As Robert Nisbet recognized in his 1953 classic, The Quest for Community—deeply influenced by Tocqueville’s thought—the prevailing belief that the relevant debate is between individualism and collectivism represents a false dichotomy, that, in fact, the two are mutually reinforcing. “Individual versus State is as false an antithesis today as it ever was. The State grows on what it gives to the individual as it does on what it takes from competing social relationships—family, labor unions, profession, local community, and church. And the individual cannot but find a kind of vicarious strength in what is granted in the State.” (This was the entire point of the Obama campaign’s portrayal of “The Life of Julia,” whose life story has mysteriously disappeared from the internet. She is a person portrayed as utterly alone, and the only source of support is from the State. Thus, while she is proudly free, she is also weak and alone; her actual “autonomy” was achieved as a gift of the State; and, as democratic citizens, we are obligated to provide her autonomy while assisting her in her isolation as a requirement of the fulfillment of democratic individuality and equality).

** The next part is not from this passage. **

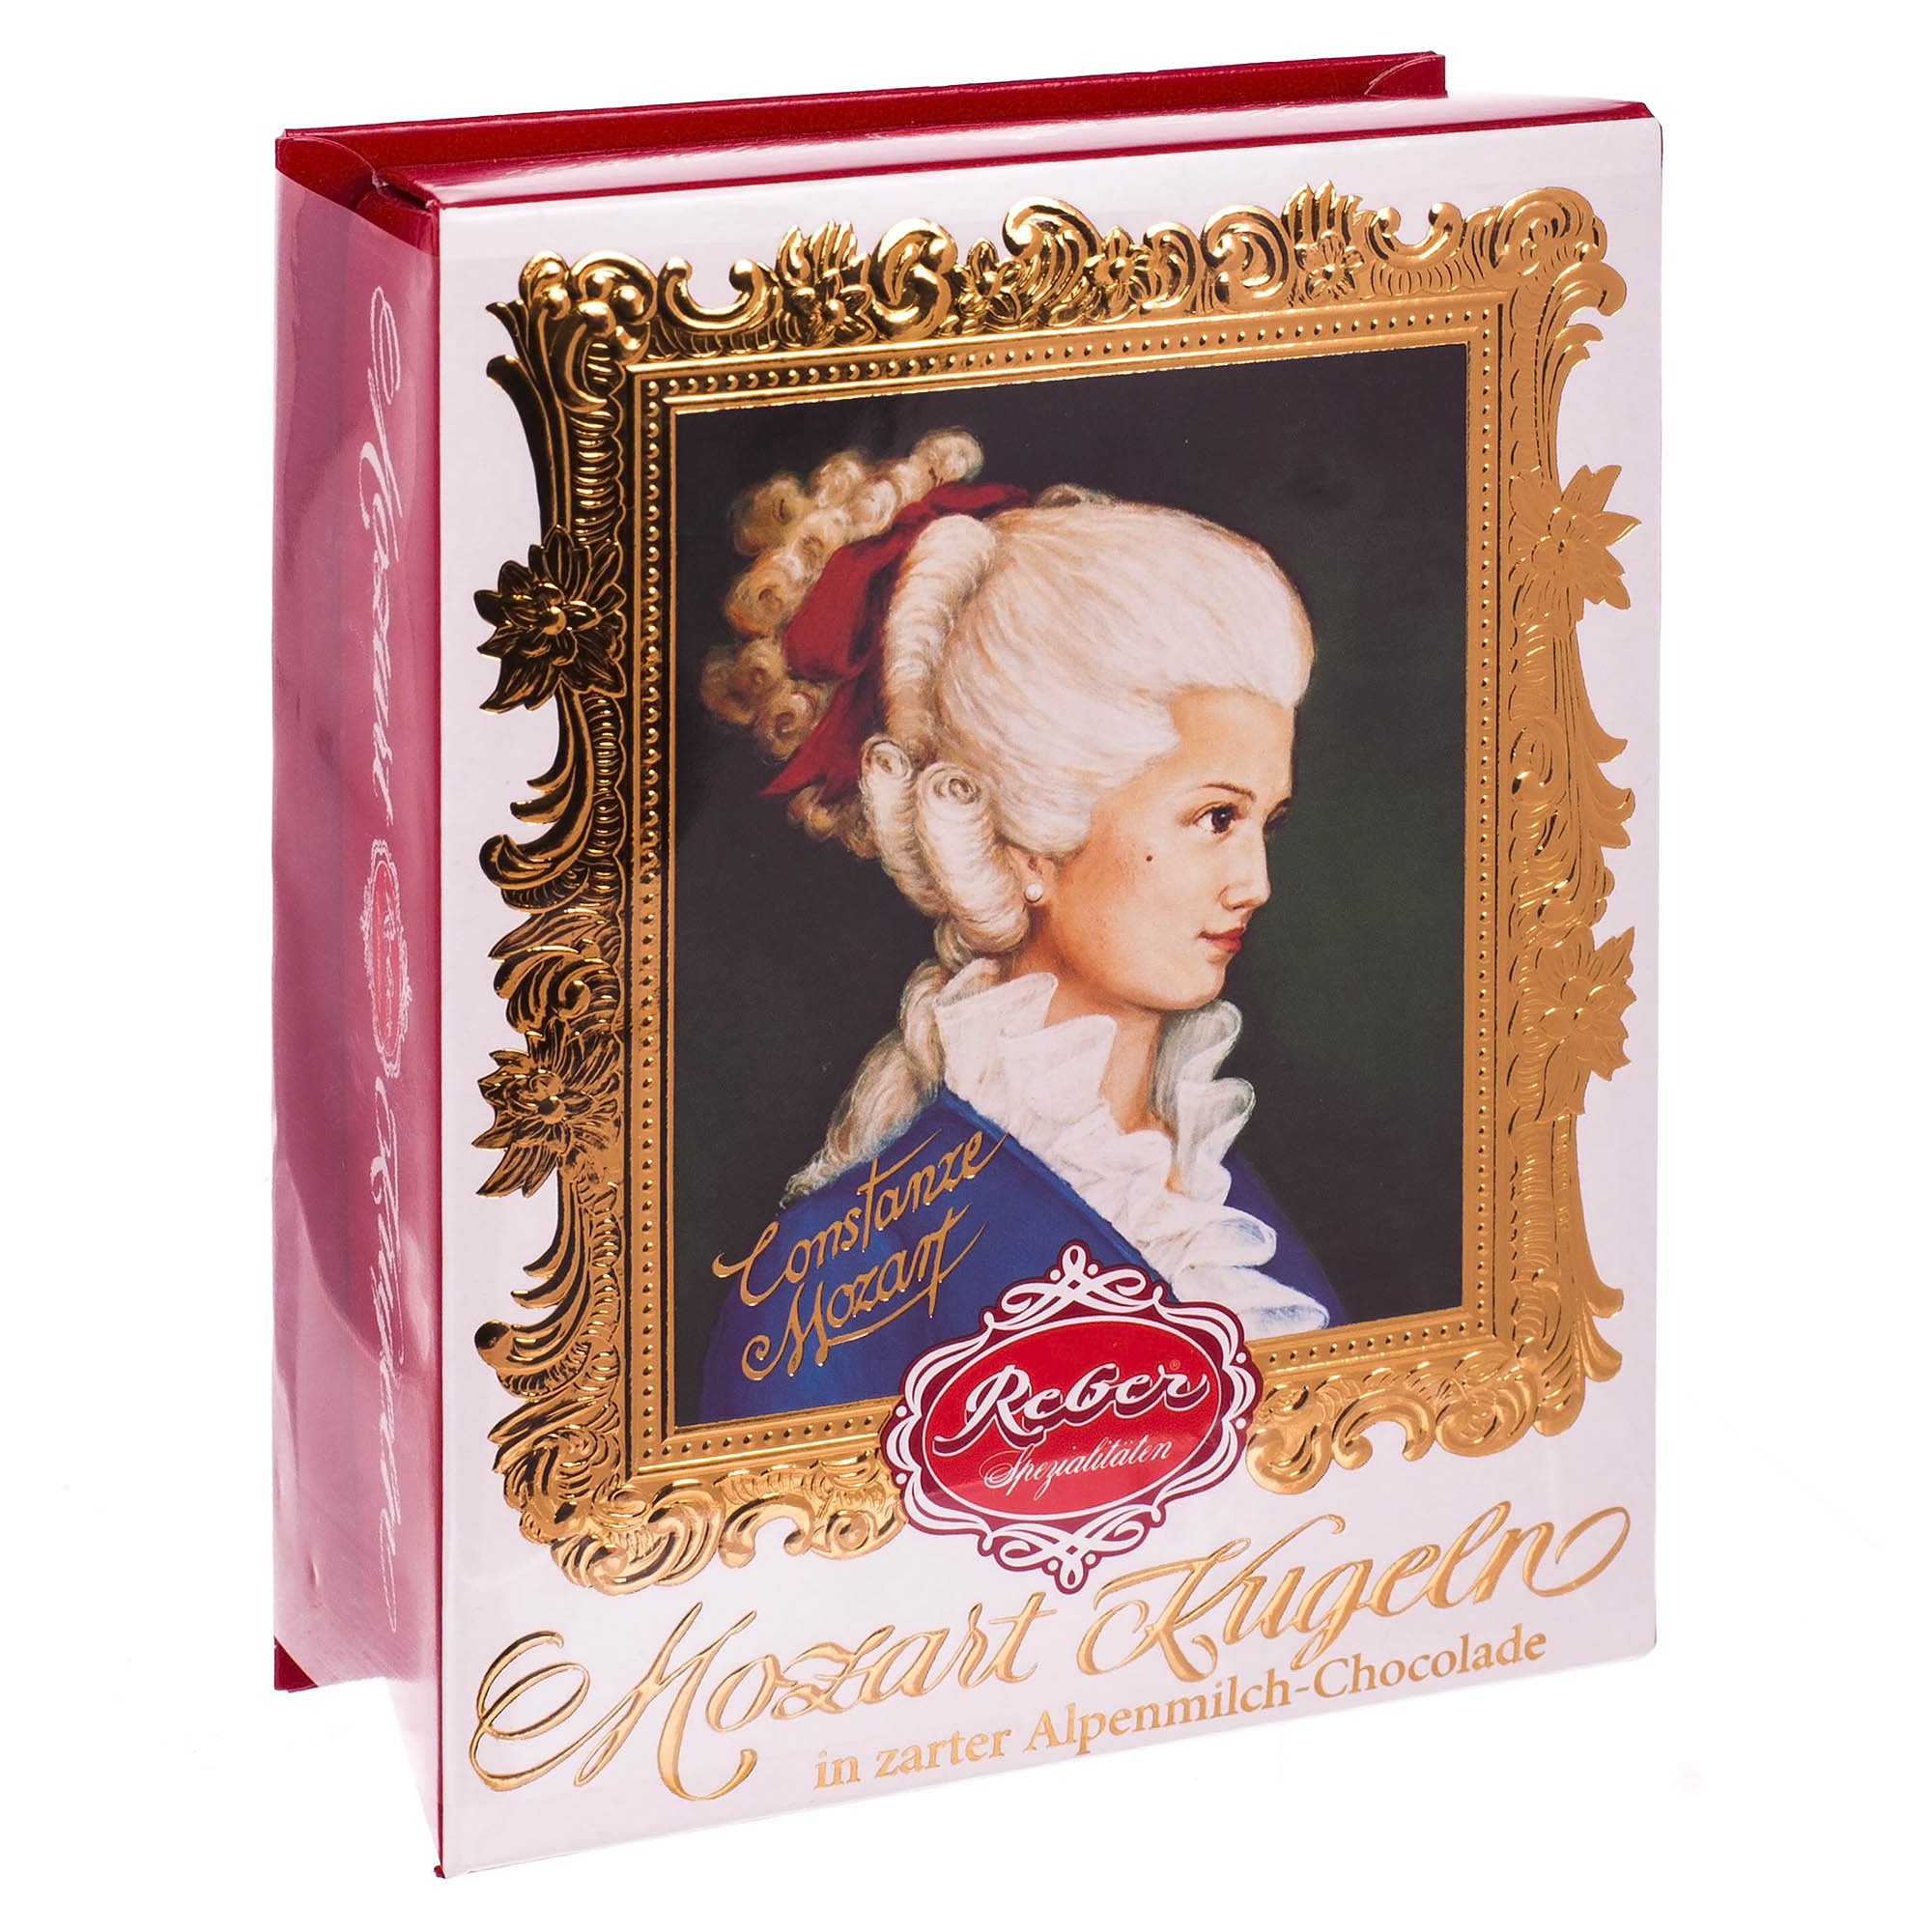 Mozart Kugel Reber подарочный набор с молочным шоколадом 120 г (1410111/5) набор печатей для марципана и теста доляна

Tocqueville wrote of these dynamics in the early part of the 19th-century, half a century before the development of Progressive philosophy and politics. It is surely the case that Progressivism found inspiration in “foreign” sources, and this has led many conservatives to conclude that Progressivism arose from a foreign “contagion” that infected the healthy organism of the Constitutional republic erected by the Founders. However, Tocqueville’s analysis presents a discomfiting fact—that the basic inclinations toward progressivism were there at the creation. As Nisbet recognized, “the real conflict in modern political history has not been, as is so often stated, between the State and individual, but between the State and social group.” Conservatives should eschew the “false antipathy” in their assertion that salvation is to be found in individualism; rather, what is needed is a renewed defense of the institutions and memberships aside from, and distinctly placed, to that of the State—family, community, local markets, Church. Not because these constitute “lifestyle choices,” but because they are the true sources of human liberty—liberty through reforging the chains that democracy shatters in the pursuit of liberation in the name of individual autonomy, culminating with the rise of the modern, Progressive State to which we finally sacrifice our individuality.